Any help would be appreciated. Thanks!
Edward
--------------------------------------------------------------------
Edward K. Ream email: ed*******@charter.net
Leo: http://webpages.charter.net/edreamleo/front.html
-------------------------------------------------------------------- 9 1607
Edward K. Ream wrote:
Hi. Presumably this is a easy question, but anyone who understands the
sax docs thinks completely differently than I do :-)
Following the usual cookbook examples, my app parses an open file as
follows::
parser = xml.sax.make_parser()
parser.setFeature(xml.sax.handler.feature_external _ges,1)
# Hopefully the content handler can figure out the encoding from the
# <?xml>
element.
handler = saxContentHandler(c,inputFileName,silent)
parser.setContentHandler(handler)
parser.parse(theFile)
Here 'theFile' is an open file. Usually this works just fine, but when
Filenames are expected to be bytestrings. So what happens is that the
unicode string you pass as filename gets implicitly converted using the
default encoding.
You have to encode the unicode string according to your filesystem
beforehand.
Diez
Diez B. Roggisch wrote:
Filenames are expected to be bytestrings. So what happens is that the
unicode string you pass as filename gets implicitly converted using the
default encoding.
it is ?
>>f = open(u"\u8116", "w") f.write("hello") f.close()

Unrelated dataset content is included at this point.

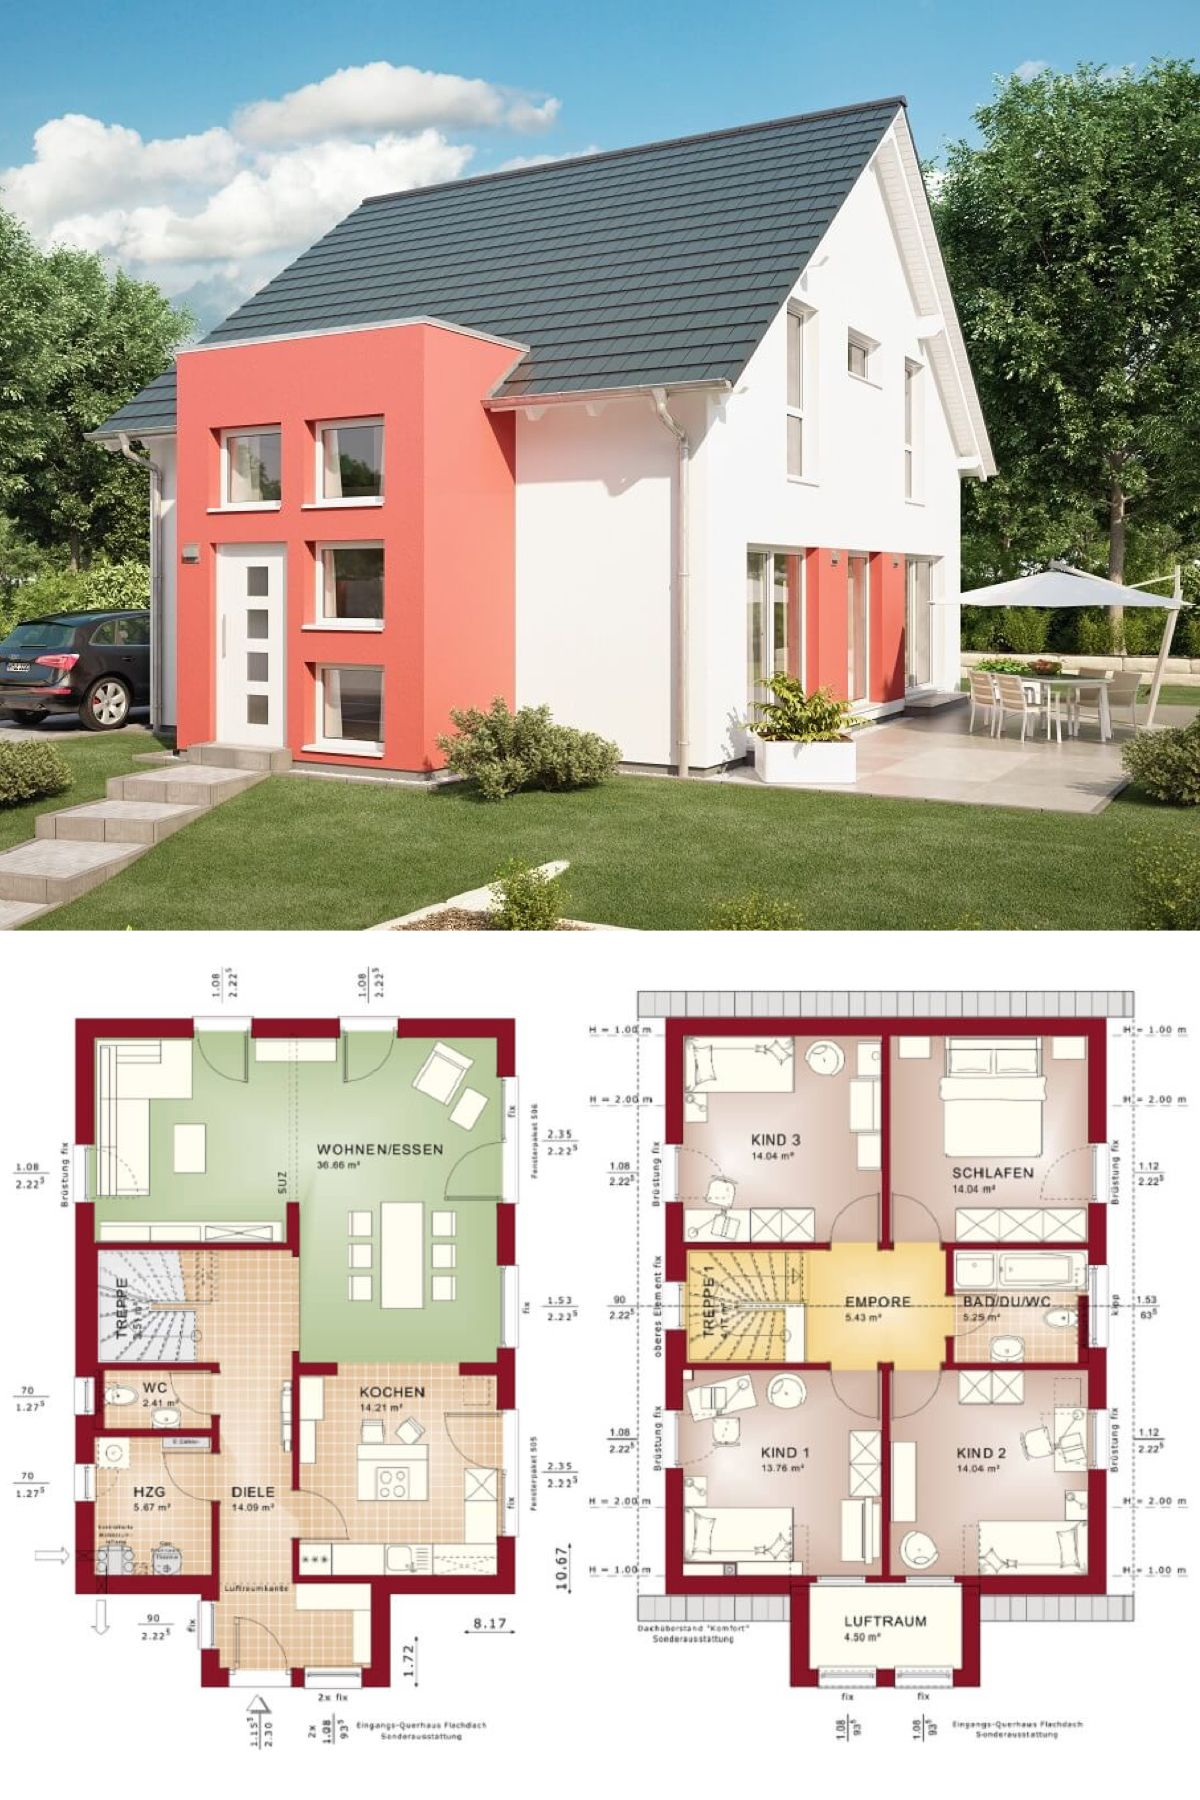 haus fassade mit roten farbakzenten fertighaus grundriss celebration 137 v7 bien zenker. Black Bedroom Furniture Sets. Home Design Ideas

>>f = open(u"\u8116", "r") f.read()
'hello'
</F>
Filenames are expected to be bytestrings.
The exception happens in a method to which no fileName is passed as an
argument.
parse_leo_file:
'C:\\prog\\tigris-cvs\\leo\\test\\unittest\\chinese?folder\\chinese? test.leo'
(trace of converted fileName)
Unexpected exception parsing
C:\prog\tigris-cvs\leo\test\unittest\chinese?folder\chinese?test. leo
Traceback (most recent call last):
File "c:\prog\tigris-cvs\leo\src\leoFileCommands.py", line 2162, in
parse_leo_file
parser.parse(theFile)
File "c:\python25\lib\xml\sax\expatreader.py", line 107, in parse
xmlreader.IncrementalParser.parse(self, source)
File "c:\python25\lib\xml\sax\xmlreader.py", line 119, in parse
self.prepareParser(source)
File "c:\python25\lib\xml\sax\expatreader.py", line 111, in prepareParser
self._parser.SetBase(source.getSystemId())
UnicodeEncodeError: 'ascii' codec can't encode character u'\u8116' in
position 44: ordinal not in range(128)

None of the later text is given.